--- Information given ---
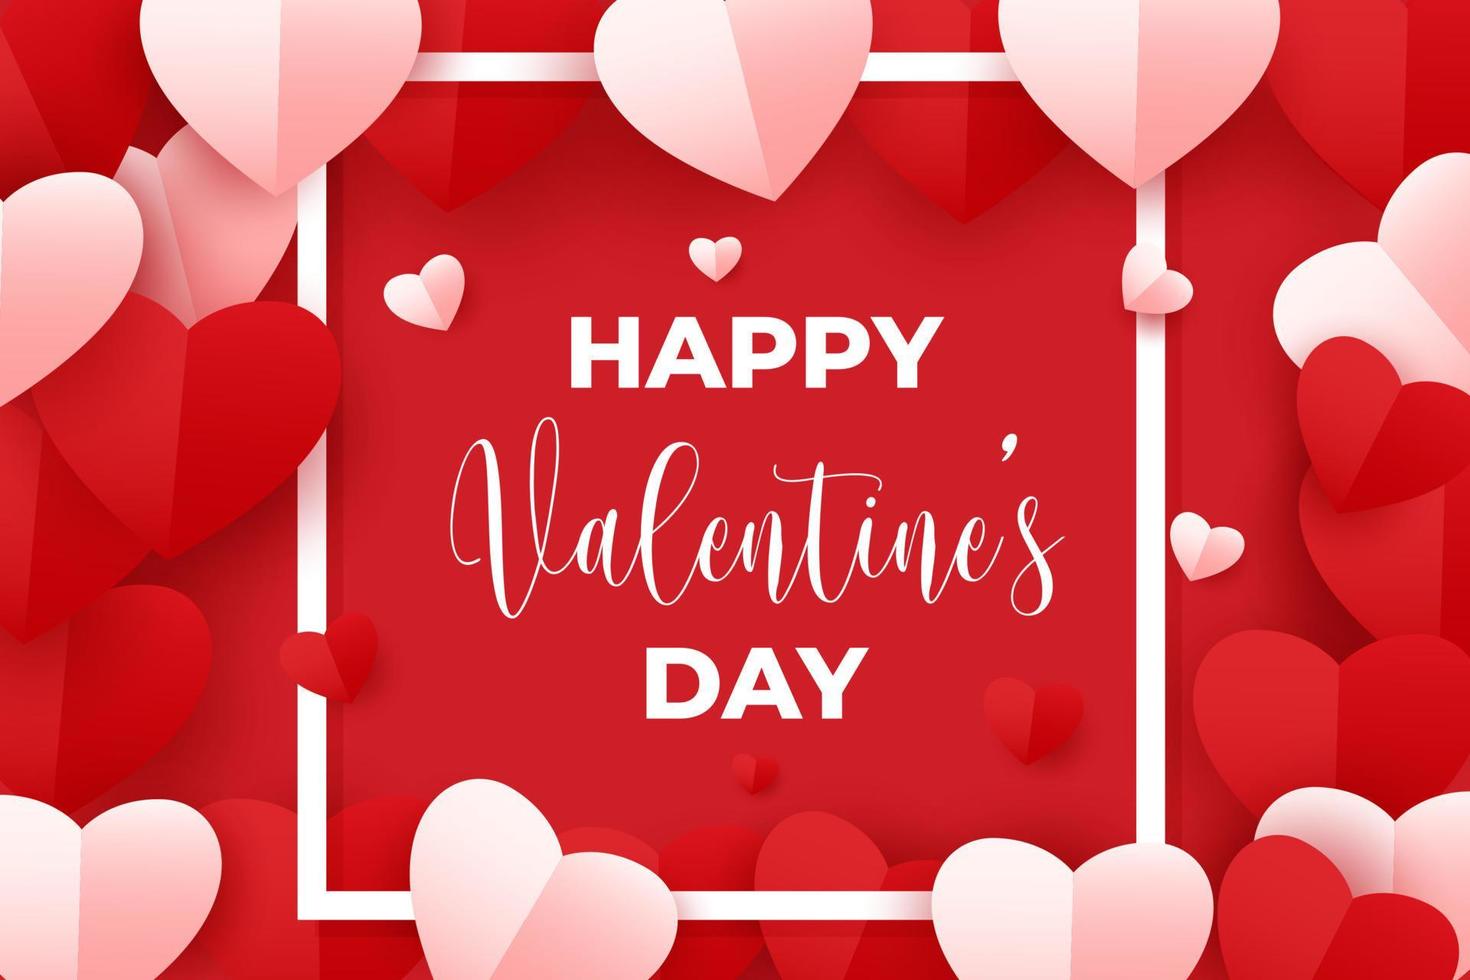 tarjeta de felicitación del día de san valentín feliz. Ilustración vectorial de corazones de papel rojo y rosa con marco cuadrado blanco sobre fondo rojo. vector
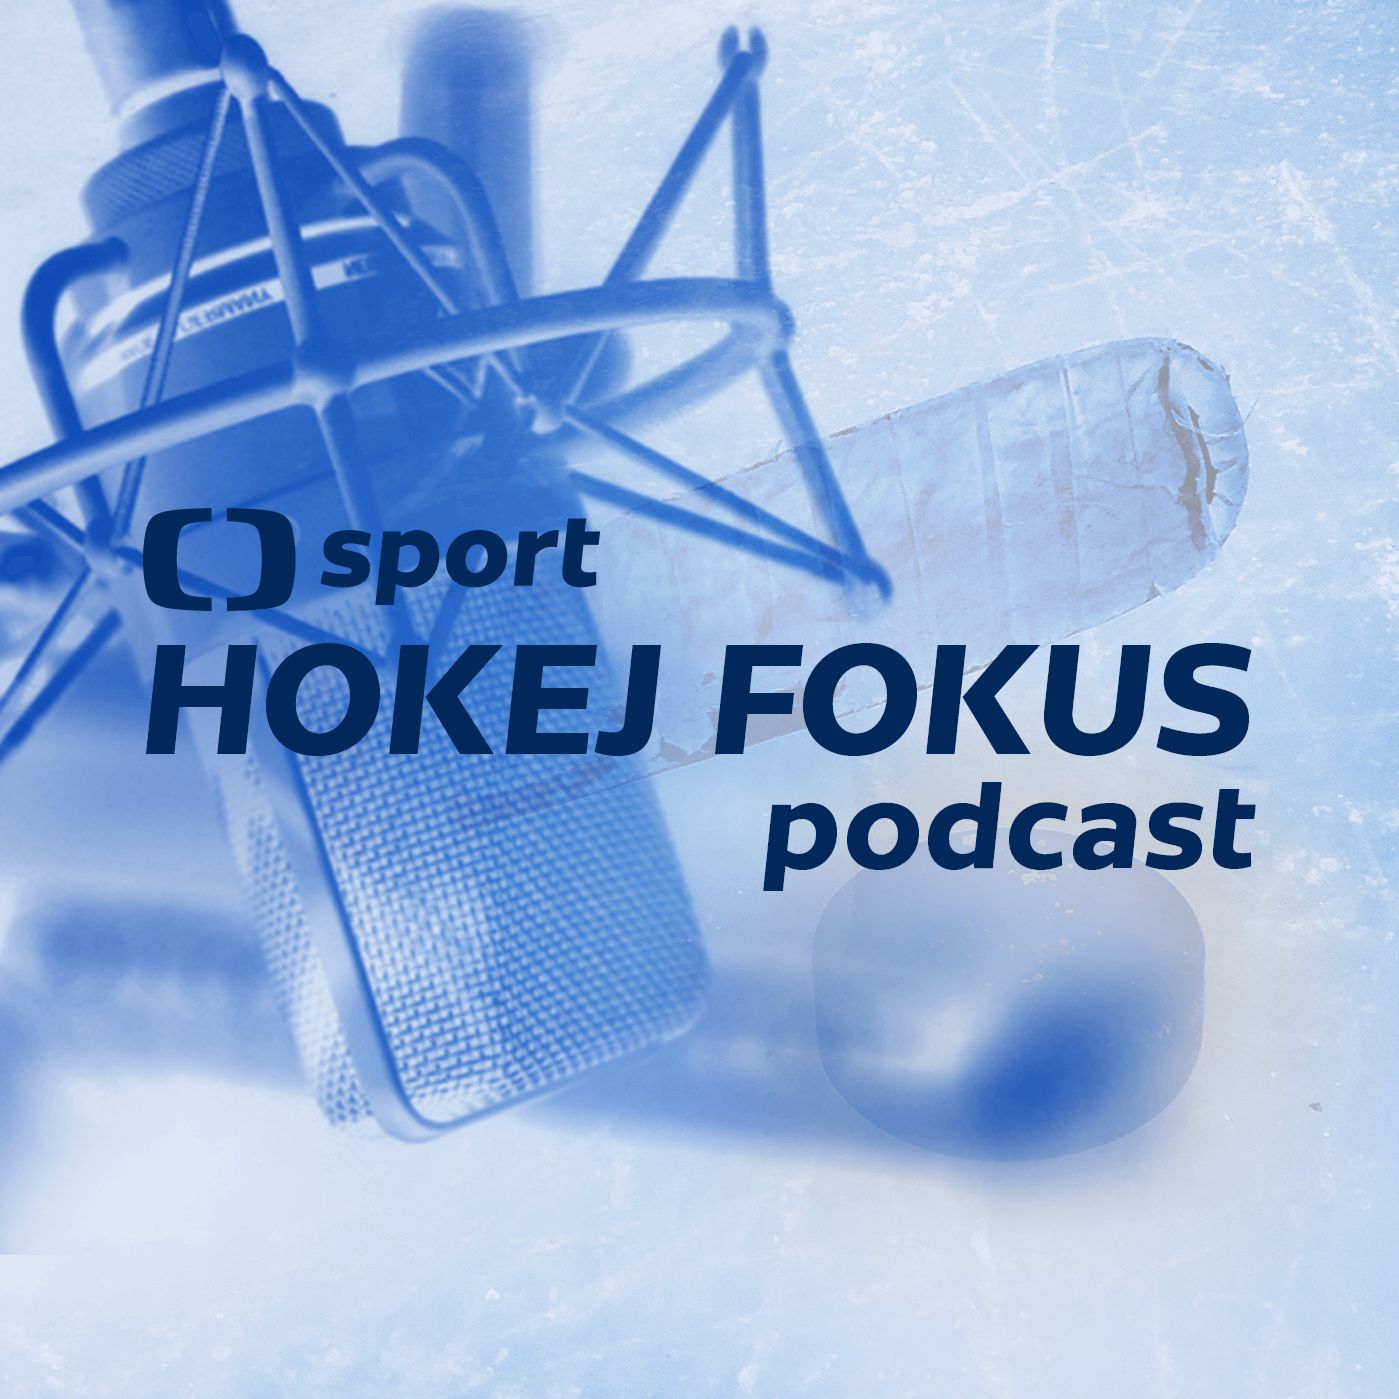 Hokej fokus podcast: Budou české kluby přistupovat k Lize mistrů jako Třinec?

* * *

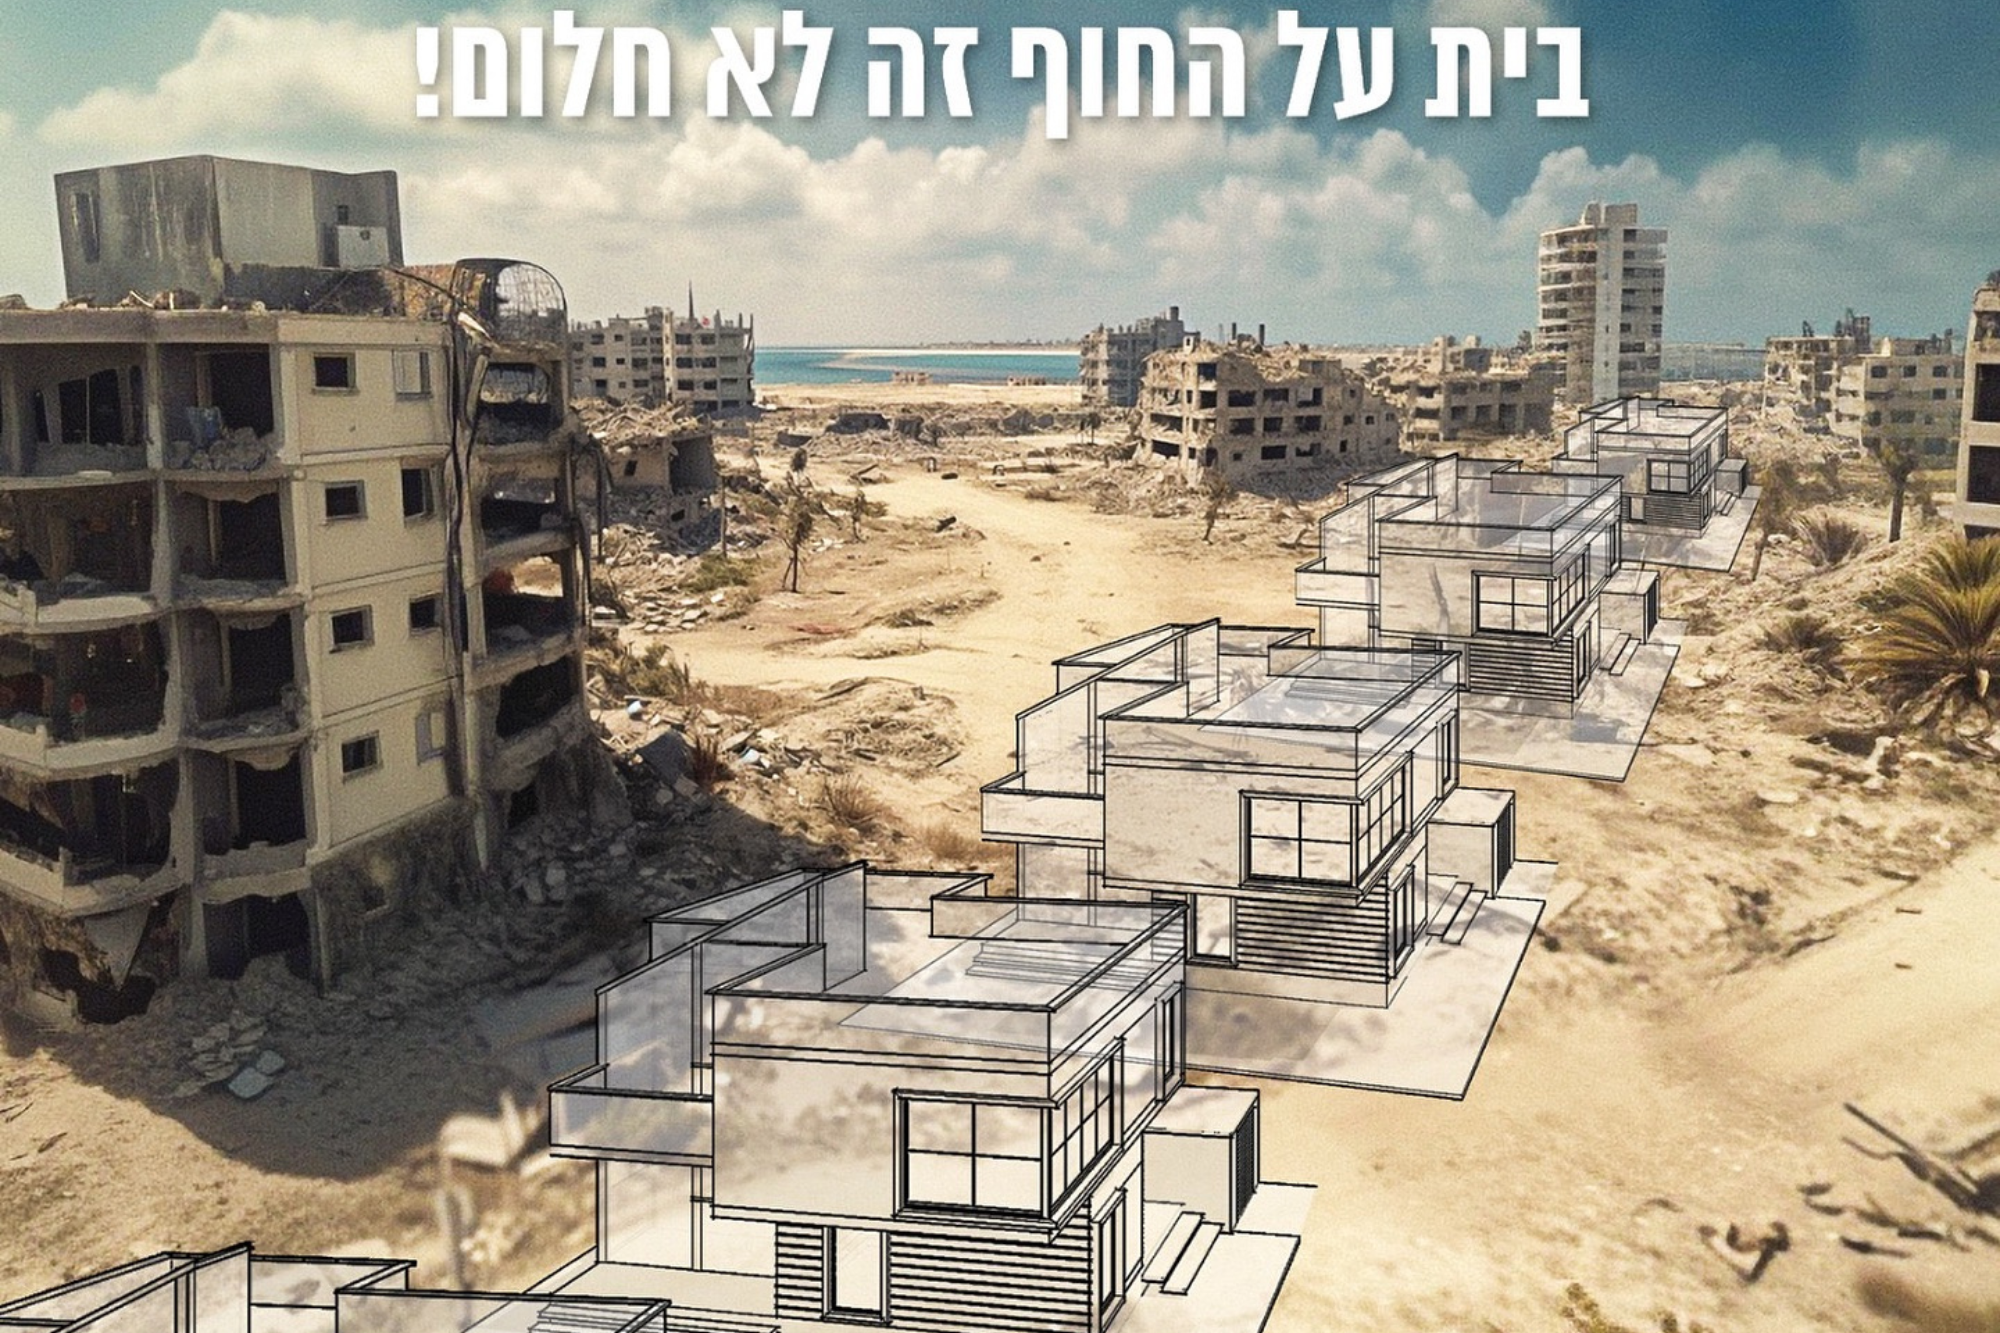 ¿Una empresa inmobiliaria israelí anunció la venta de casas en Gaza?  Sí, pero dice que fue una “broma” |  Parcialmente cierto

--

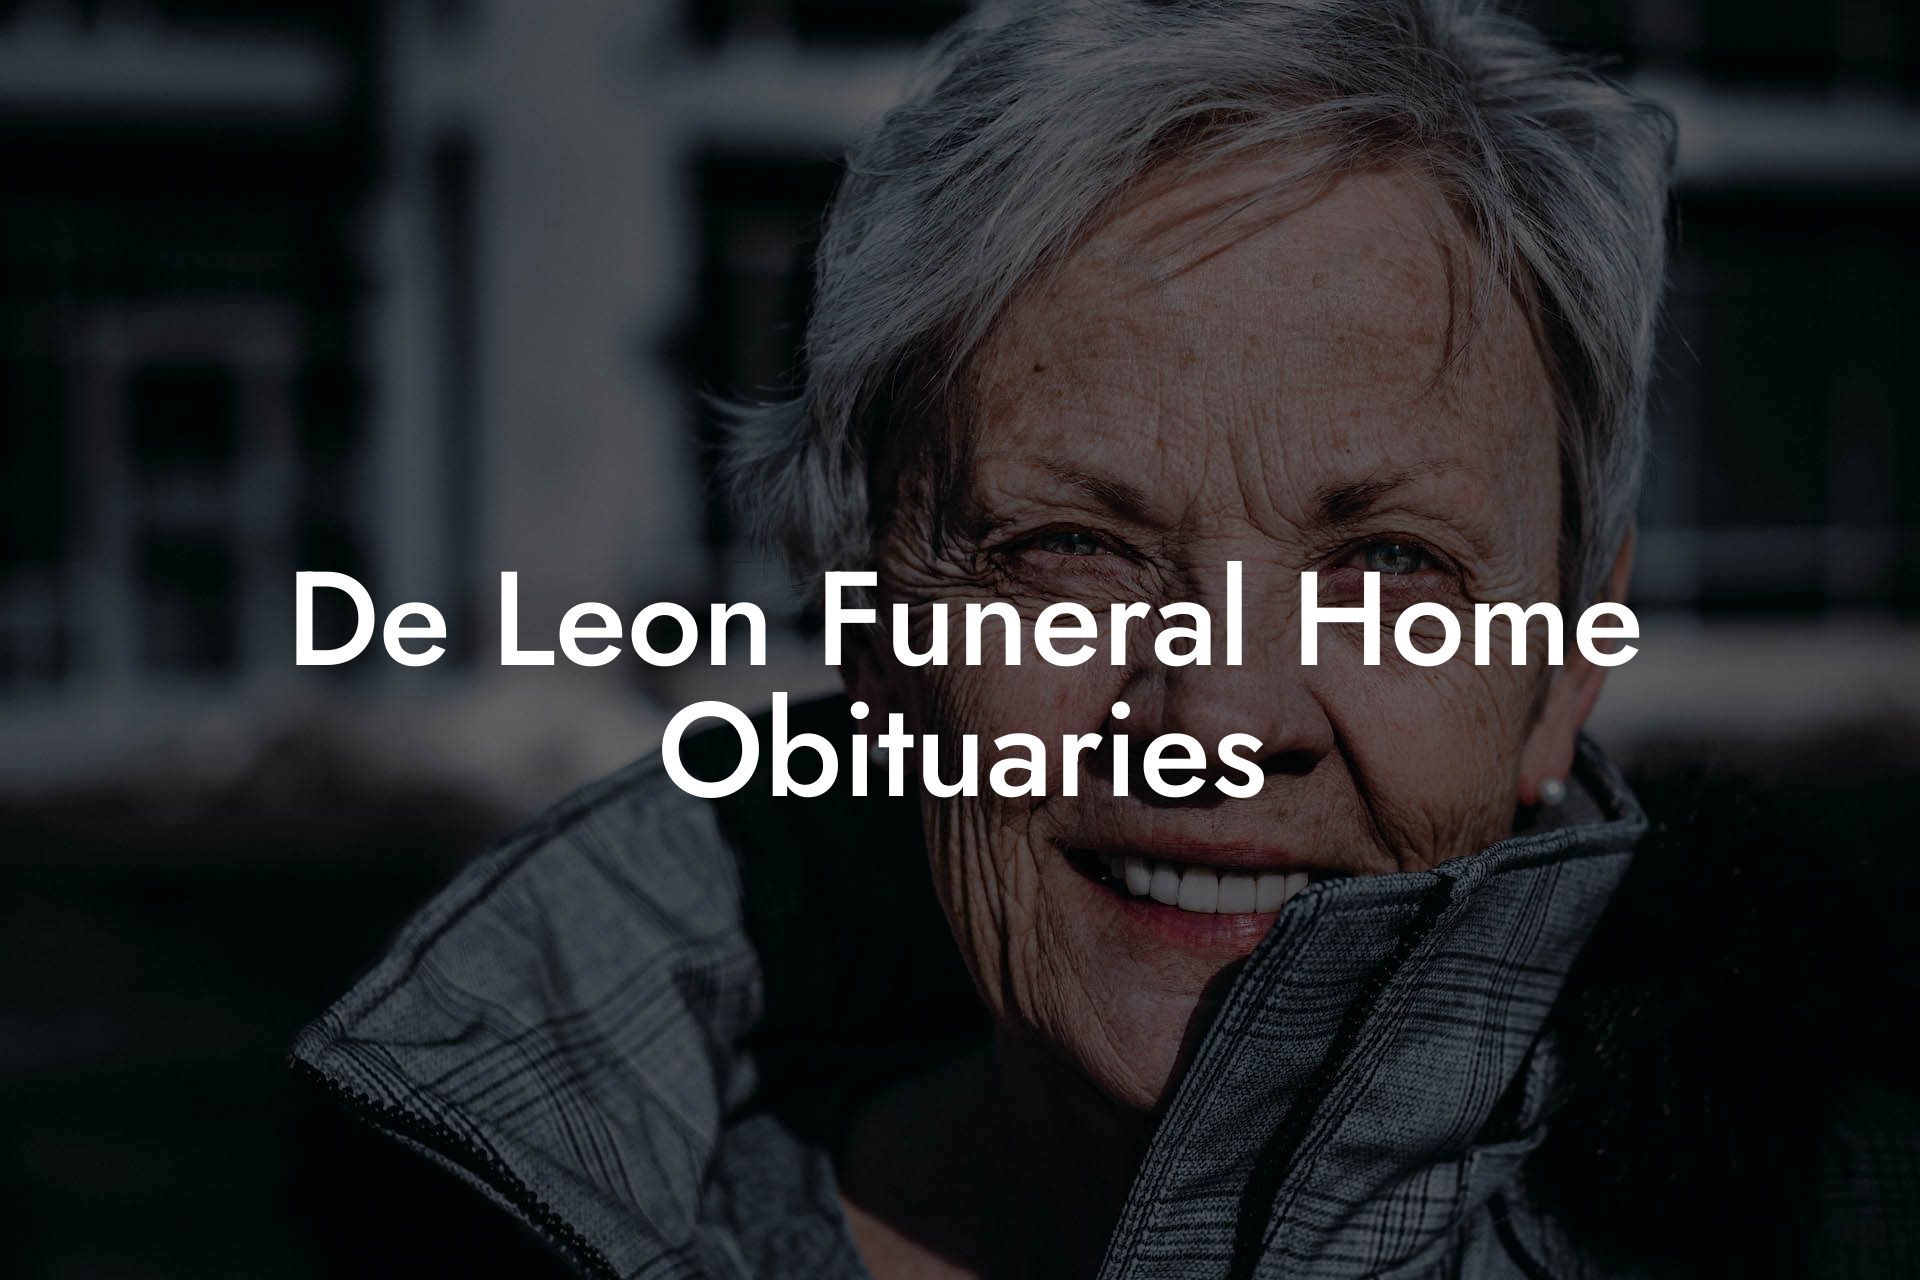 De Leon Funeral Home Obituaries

--- Exercise aim ---
The answer should consist only of the lines above from the one with "tarjeta de felicitación" through the one with "Hokej fokus podcast: Budou", repeated exactly, with no pictures among them.

--- Completed task ---
 tarjeta de felicitación del día de san valentín feliz. Ilustración vectorial de corazones de papel rojo y rosa con marco cuadrado blanco sobre fondo rojo. vector
 Hokej fokus podcast: Budou české kluby přistupovat k Lize mistrů jako Třinec?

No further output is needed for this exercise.